BUS-KET<Soft Wood Architecture>

斉藤 福子(代表)・増見 収太・中楯 哲史・熊崎 敦史・白川 在
法政大学 大学院工学研究科建設工学専攻


伝統的な工芸の手法を応用して木造の新しい表現としようという提案です。
木材の持つ質感をシェルターという形態にうまく生かしており、今回のコンペにおいて木の物質性に正面から取り組んだものとしては最も優れたものであり、デザインとしても美しい提案でした。
しかしながら、木の物質性をテーマとしながら、実際の構法としての説得力にやや欠ける点があり、最優秀には至りませんでした。
(評/阿部 仁史)


優秀賞

地下鉄の駅 SHELTER/FILTER

林 順孝(代表)・吉田 健一
東北大学 大学院工学研究科都市・建築学専攻


木の持つ特性を利用し組み合わせを形作る提案は、今回の提出された作品の中に多く見られました。ただしこの作品は、シンプルで単純明快な構成でありながら、あるリズム並びに旋律を感じさせる提案となっており好感がもてます。実現性の高い提案であるとも言えるでしょう。しかし単にオブジェ的なとらえ方がされ、その点で入選にとどまってしまいました。
(評/松井 壽則)


優秀賞

Weekendhouse 週末住宅

阿知波 修二
新潟大学 大学院自然科学研究科環境システム科学専攻


主題にある「木を使って」を独自の理解・解釈をし、木を構成材として使用するのではなく、木のシステム・木の生命管の構成を作品に採り入れ住空間を提案している点、またその管を構造として活用している点は、主題の趣旨に沿ったものではないものの、ほかの提案になくユニークさが認められます。

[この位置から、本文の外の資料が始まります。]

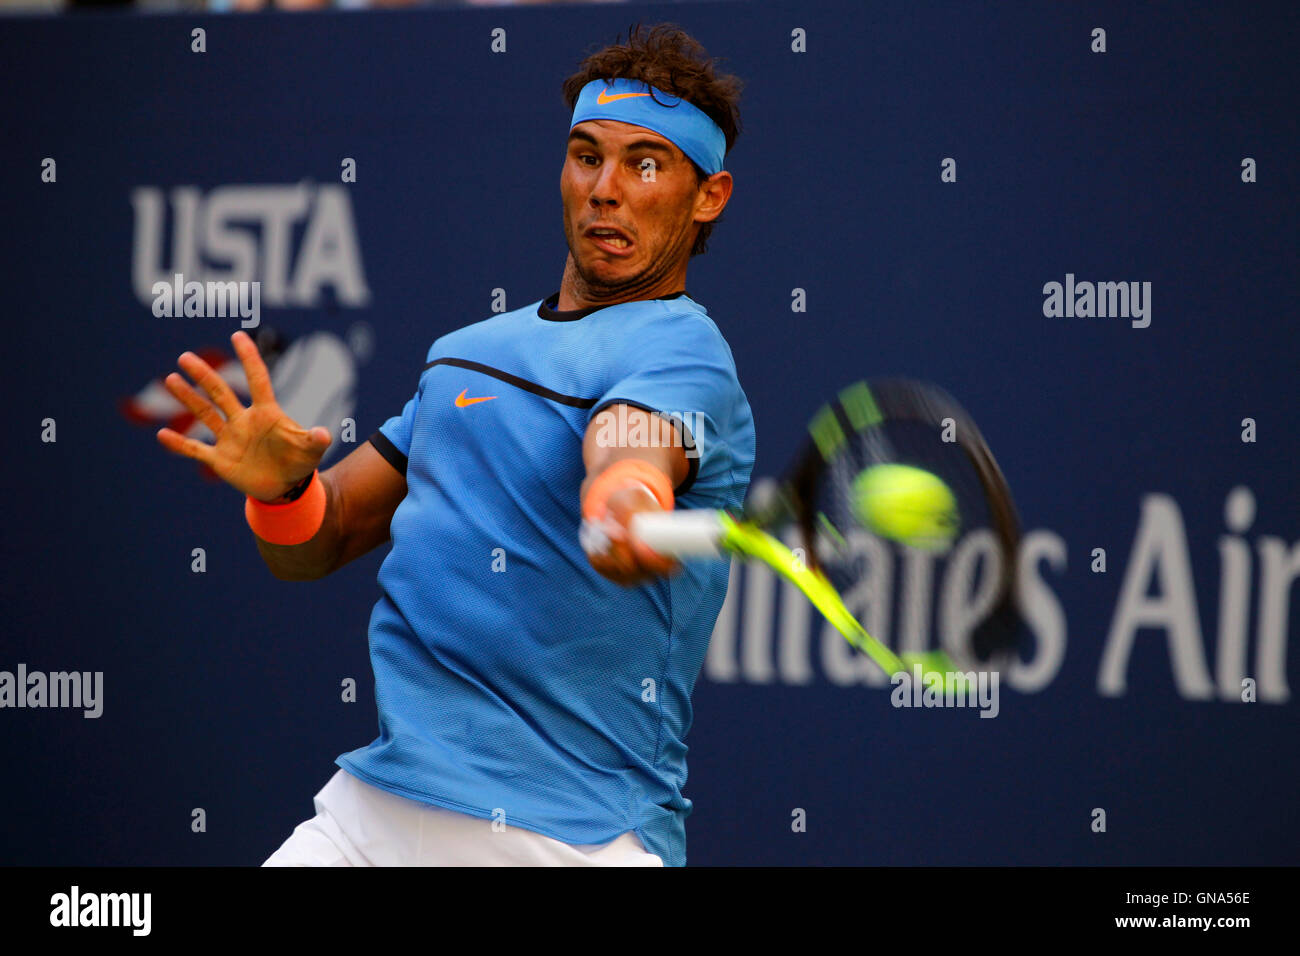 New York, USA. 29th Aug, 2016. Spain's Rafael Nadal in action during his first round match against Denis Istomin of Uzbekistan in the first round of the U.S. Open Tennis Championships at Flushing Meadows, New York on Monday, August 29th. Credit:  Adam Stoltman/Alamy Live News Stock Photo

ただし何処かに快適性を思い出し、何から防御するかが伝わってこないのが残念です。
(評/松井 壽則)


優秀賞

Snow Wave

瀬戸 健似(代表)・小川 博央
日本大学 大学院生産工学研究科建築工学専攻


"雪から守るシェルター"ではなく、"雪を楽しむシェルター"を作り出そうとする作者の姿勢に、まず拍手を送ります。「雪が崩れたとき、この屋根は上へと跳ね上がる」という作者の説明を読んで、とてもその通りにはいかないだろうと思いながらも、「もしかしたら・・・」という期待も抱いてしまう、アイディアのスケールの大きさを評価します。
(評/杉山 丞)


優秀賞

FISHERMAN'S SHELTER

佐々木 志帆
千葉大学 大学院自然科学研究科デザイン科学専攻


今回の応募案のなかで集合した建築物を取り扱った数少ない提案の一つです。
既存の漁師小屋が形成する一種の集落の特性を分析し、そこに公共的な性格を導入することで、より高次の集落的空間にStep upさせようという試みは興味深いものがあります。又、集落の原型をみるような造形が魅力の案です。
(評/阿部 仁史)


奨励賞

COUNTRY HOUSE

青山 真理菜
東北文化学園専門学校 工科情報学部インテリア科


フンデルトワッサーを思わせる楽しげなパッチワーク状のシェルターが提案されました。
「父が私たちに造ってくれた手作りの公園にこういう木材でできた小さな家があったらいいな」という作者自身の言葉に端的に表されているように、この暖かなぬくもりの伝わるシェルターは作者のお父さんそのものだったのかもしれません。とても幸せな気持ちになるドローイングに対して奨励賞を送ります。